The "Priority Road" image might be difficult to classify because it is incomplete.
The model predicted 5 out of 7 signs correctly, it's 71.4% accurate on these new images. Exclusive of the "unknow" sign, it gives an accuracy of 85.7%. This compares favorably to the accuracy on the test set of 95.2%.

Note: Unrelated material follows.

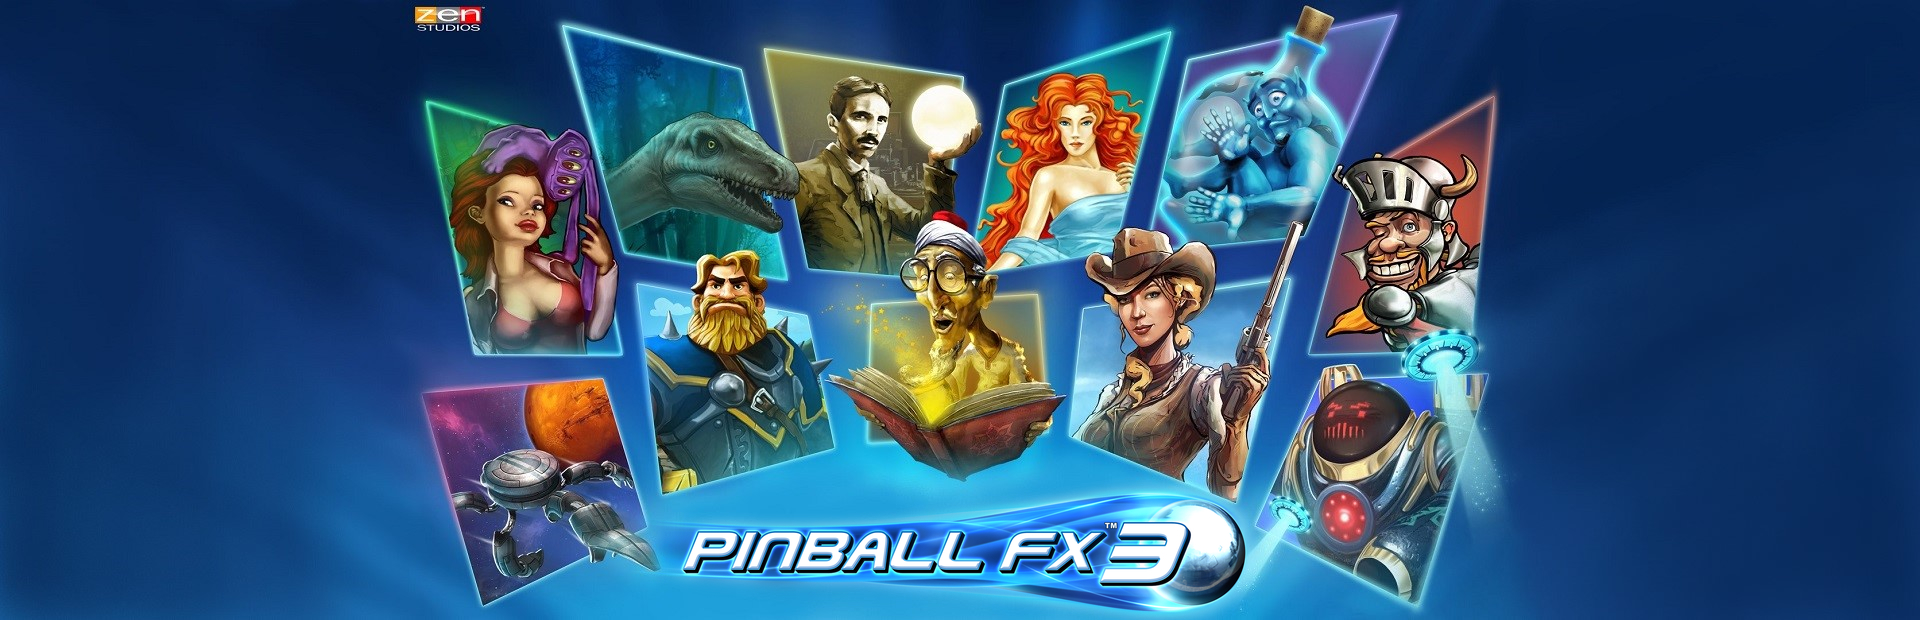 دانلود بازی Pinball FX3 برای پی سی | گیمباتو

Here are the results of the prediction:
Image | Prediction |
---|---|
Keep Right | Keep Right |
Stop | Stop |
Yield | Yield |
Speed Limit 30 km/h | Speed Limit 30 km/h |
Priority Road | Traffic Signals |
No Entry | No Entry |
unknow | Turn Left Ahead |
The output results of top_5 softmax probabilities is listed below:
TopKV2(values=array([[ 1.00000000e+00, 9.40376828e-25, 3.56742623e-27,
1.61195630e-28, 1.68107812e-31],
[ 1.00000000e+00, 7.55503151e-21, 1.21045371e-28,
3.35769100e-31, 2.79243914e-32],
[ 9.99995947e-01, 3.91783442e-06, 8.00379283e-08,
2.16840110e-08, 9.48551904e-09],
[ 9.67969537e-01, 1.39265228e-02, 1.02096582e-02,
7.19060469e-03, 3.54055665e-04],
[ 9.99946713e-01, 3.88235858e-05, 1.43164370e-05,
1.01156807e-07, 5.58384201e-08],
[ 2.87382632e-01, 2.29388788e-01, 1.44465432e-01,
1.24148376e-01, 5.41160889e-02],
[ 1.00000000e+00, 1.51023500e-16, 2.25728009e-20,
7.47513083e-22, 1.03131863e-22]], dtype=float32), indices=array([[13, 12, 1, 35, 18],
[38, 34, 40, 25, 12],
[ 1, 2, 0, 4, 5],
[34, 17, 22, 9, 26],
[17, 10, 9, 34, 23],
[26, 40, 35, 8, 12],
[14, 13, 3, 38, 33]], dtype=int32))
This is the distribution histogram of softmax probabilities:
We can clearly see that our model quite confident in its predictions. Except the "Priority Road" image and the "unknow" image.